Your superfoods realy healthy?

Beat the oxalates

Murphy's Law: Anything that can go wrong, will go wrong.

You eat spinach and nuts, thinking they're superfoods. But what if they're preventing your body from absorbing important minerals?

Let’s explore what’s hiding in your healthy foods.

Besides having beneficial macro and micronutrients, almost every food contains anti-nutrients.

Oxalates (Oxalic acid) are natural compounds in many plant foods, including beans, grains, seeds, nuts, fruits, berries, and herbs. They consist of two carbon dioxide molecules, which is why they are also called dicarboxylic acid.

Under normal body conditions, oxalates lose protons, giving them a negative charge. This allows them to bind to positively charged minerals like calcium. When this happens, they form calcium oxalate crystals. These crystals are microscopically small but sharp and can damage body tissues. Since they don't dissolve, they can build up in your body over time.

Oxalic acid is found in common foods and can disrupt your mineral balance!

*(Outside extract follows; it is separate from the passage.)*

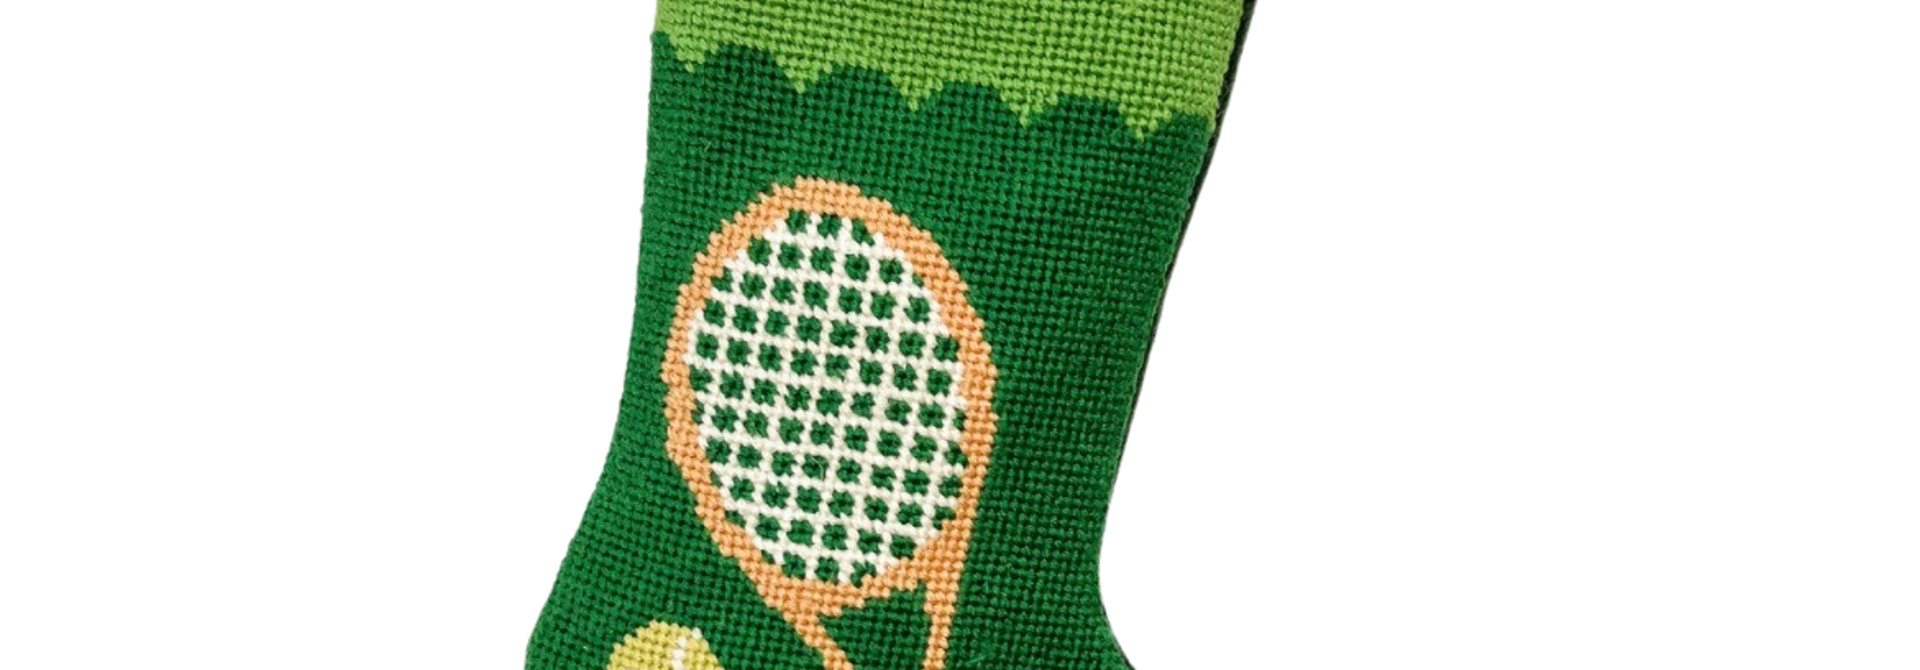 Grand Slam Tennis Raquets | The Bauble Stocking Collection, Green - 4.25 Inch x 6 Inch

  • It binds to calcium, magnesium, and iron, preventing your body from absorbing them

  • It can cause kidney stones and, according to some research, various inflammatory processes in the body

Who’s helping our enemy?

Having a damaged gut lining will increase your absorption of oxalates. Most people, in fact, have damaged gut lining thanks to a number of assaulting compounds and chemicals. The presence of glyphosate in our food supply is one of these problematic compounds. If you’re not eating mostly organic food, you’re bound to be consuming glyphosate, which can wreak havoc on your gut function.

Other gut-destroying exposures include frequent antibiotic use, which can lead to various forms of microbiome imbalance, including small intestinal bacterial overgrowth.

Some processed foods contain mucus-destroying emulsifiers. Even a number of naturally occurring plant compounds, such as phytates and lectins (such as gluten), as well as sharp oxalate microcrystals, are troublesome for gut health. These and other compounds found in foods can worsen gut inflammation and exacerbate the impact of oxalates by allowing them easy entry into the bloodstream.

Many of the foods that have become popular in the modern diet are also high-oxalate foods, which means exposure is generally higher.

Interestingly, oxalate problems have become worse with calcium-free and dairy-free diets. People are removing natural oxalate blockers - milk and dairy products - from their diets.

Another big problem is gut dysbiosis, specifically the reduction or absence of Oxalobacter formigenes, a helpful bacteria that breaks down oxalates. Unfortunately, this is very common today.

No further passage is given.